Three hypotheses had been previously proposed for the method of replication of DNA.

In the semiconservative hypothesis, proposed by Watson and Crick, the two strands of a DNA molecule separate during replication. Each strand then acts as a template for synthesis of a new strand.

The conservative hypothesis proposed that the entire DNA molecule acted as a template for the synthesis of an entirely new one. According to this model, histone proteins bind to the DNA, revolving the strand and exposing the nucleotide bases (which normally line the interior) for hydrogen bonding.

The dispersive hypothesis is exemplified by a model proposed by Max Delbrück, which attempts to solve the problem of unwinding the two strands of the double helix by a mechanism that breaks the DNA backbone every 10 nucleotides or so, untwists the molecule, and attaches the old strand to the end of the newly synthesized one. This would synthesize the DNA in short pieces alternating from one strand to the other.

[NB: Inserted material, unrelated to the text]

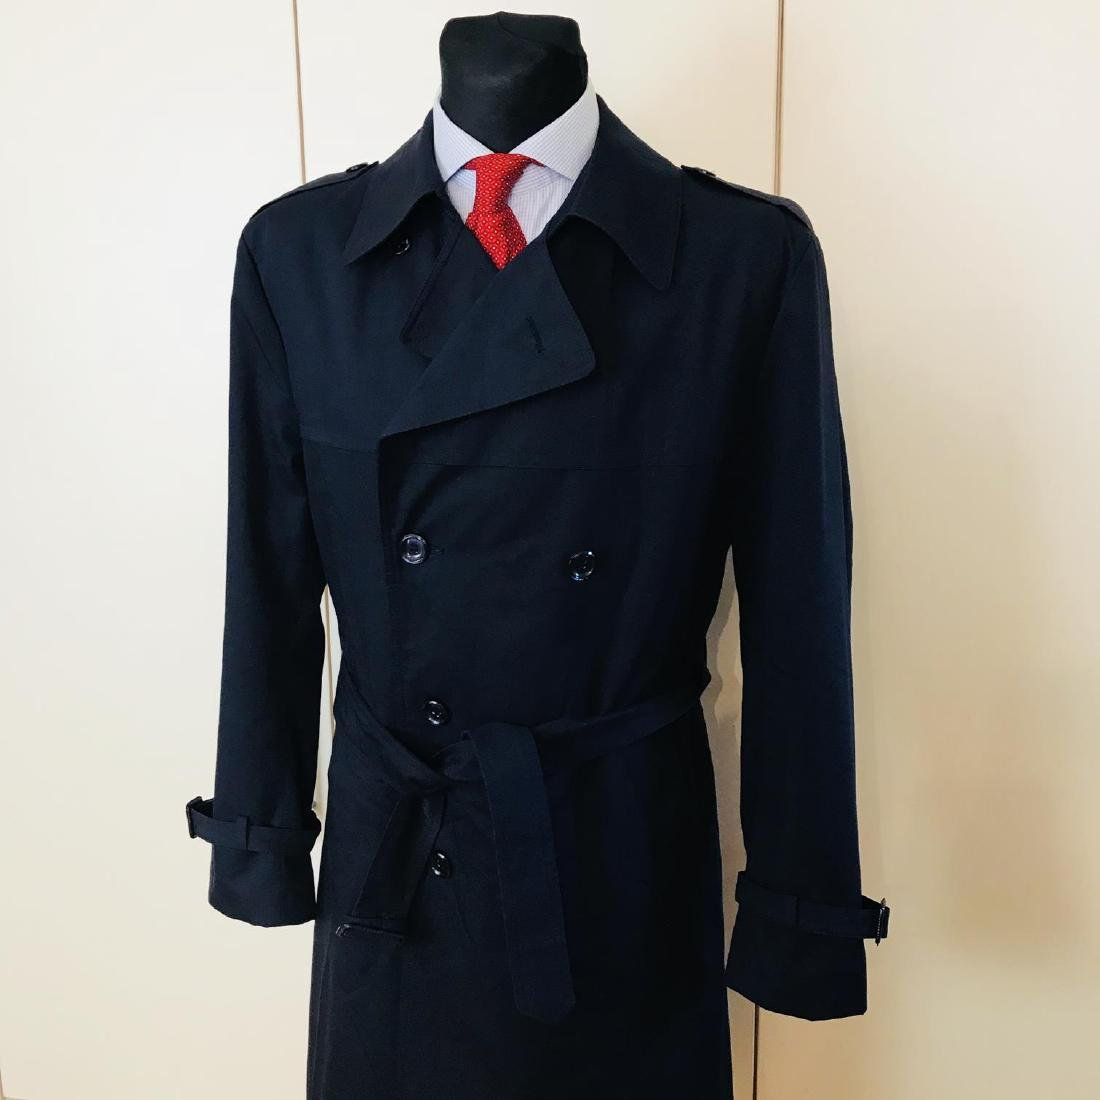 Vintage Men's Navy Blue Trench Coat Size US 42 / EUR 52 - 2

Each of these three models makes a different prediction about the distribution of the "old" DNA in molecules formed after replication. In the conservative hypothesis, after replication, one molecule is the entirely conserved "old" molecule, and the other is all newly synthesized DNA. The semiconservative hypothesis predicts that each molecule after replication will contain one old and one new strand. The dispersive model predicts that each strand of each new molecule will contain a mixture of old and new DNA.

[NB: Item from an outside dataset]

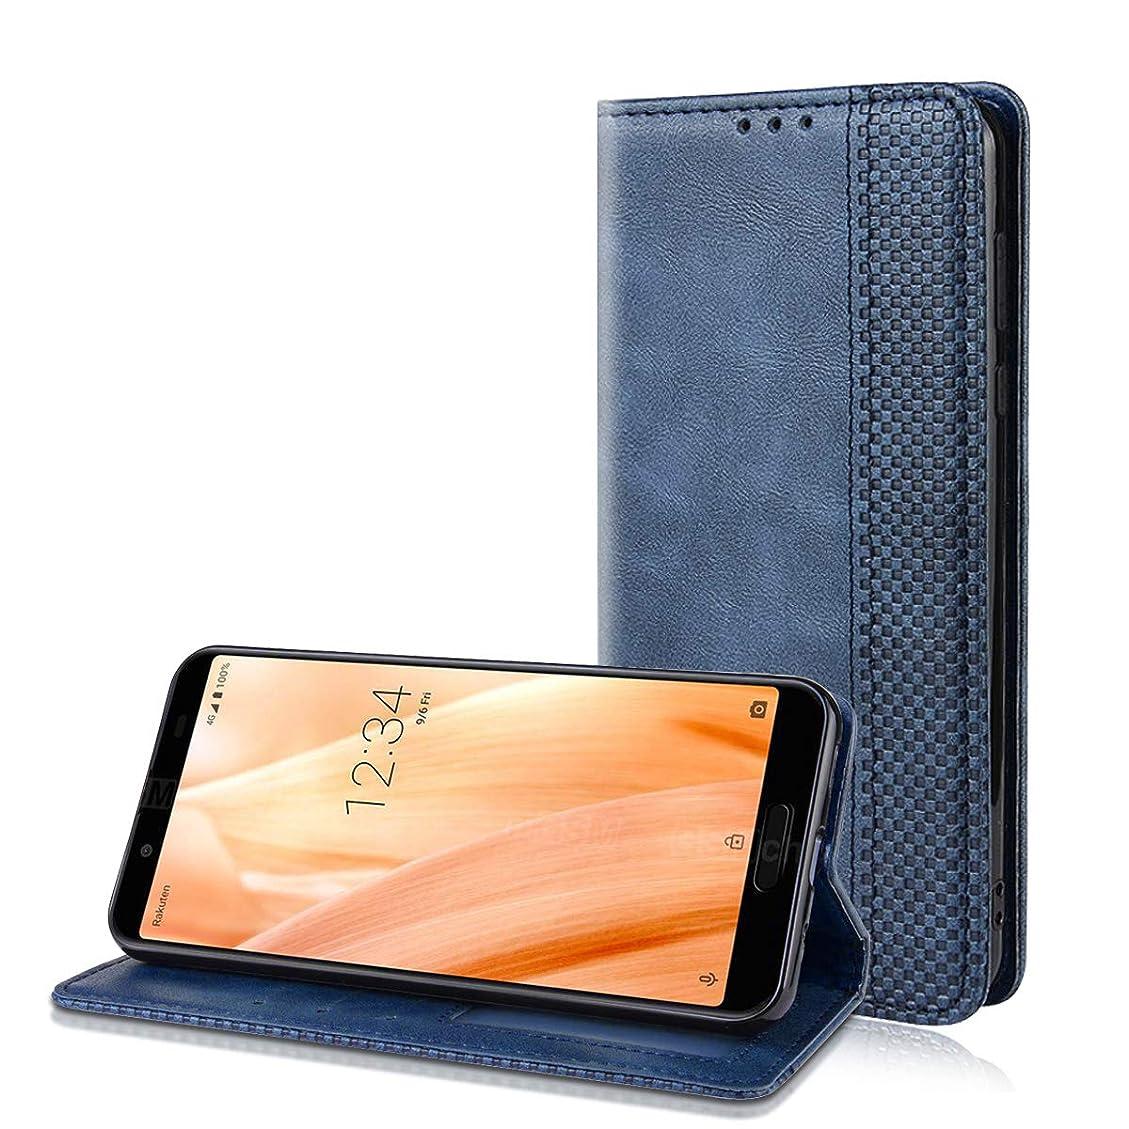 ダッシュ経済リテラシーAQUOS sense3 SHV45 ケース /AQUOS sense3 lite ケース/Android One S7 ケース 手帳型 AQUOS sense3 SHV45 カバー/AQUOS Sense 3 lite カバー/Android One S7 カバー SH-02M / SHV45 / SH-RM12 ケース スタンド機能付き マグネット付き カード収納 高級PU合成レザー 耐衝撃 人気 おしゃれ シンプル かわいい 純色 AQUOS Sense 3 lite 手帳型ケース AQUOS Sense 3 lite スマホケース ネービー

== Experimental procedure and results ==

Nitrogen is a major constituent of DNA. ^{14}N is by far the most abundant isotope of nitrogen, but DNA with the heavier (but non-radioactive) ^{15}N isotope is also functional.

E. coli was grown for several generations in a medium containing NH_{4}Cl with ^{15}N. When DNA is extracted from these cells and made to undergo buoyant density centrifugation on a salt (CsCl) density gradient, the DNA separates out at the point at which its density equals that of the salt solution. The DNA of the cells grown in ^{15}N medium had a higher density than cells grown in normal ^{14}N medium. After that, E. coli cells with only ^{15}N in their DNA were transferred to a ^{14}N medium and were allowed to divide; the progress of cell division was monitored by microscopic cell counts and by colony assay.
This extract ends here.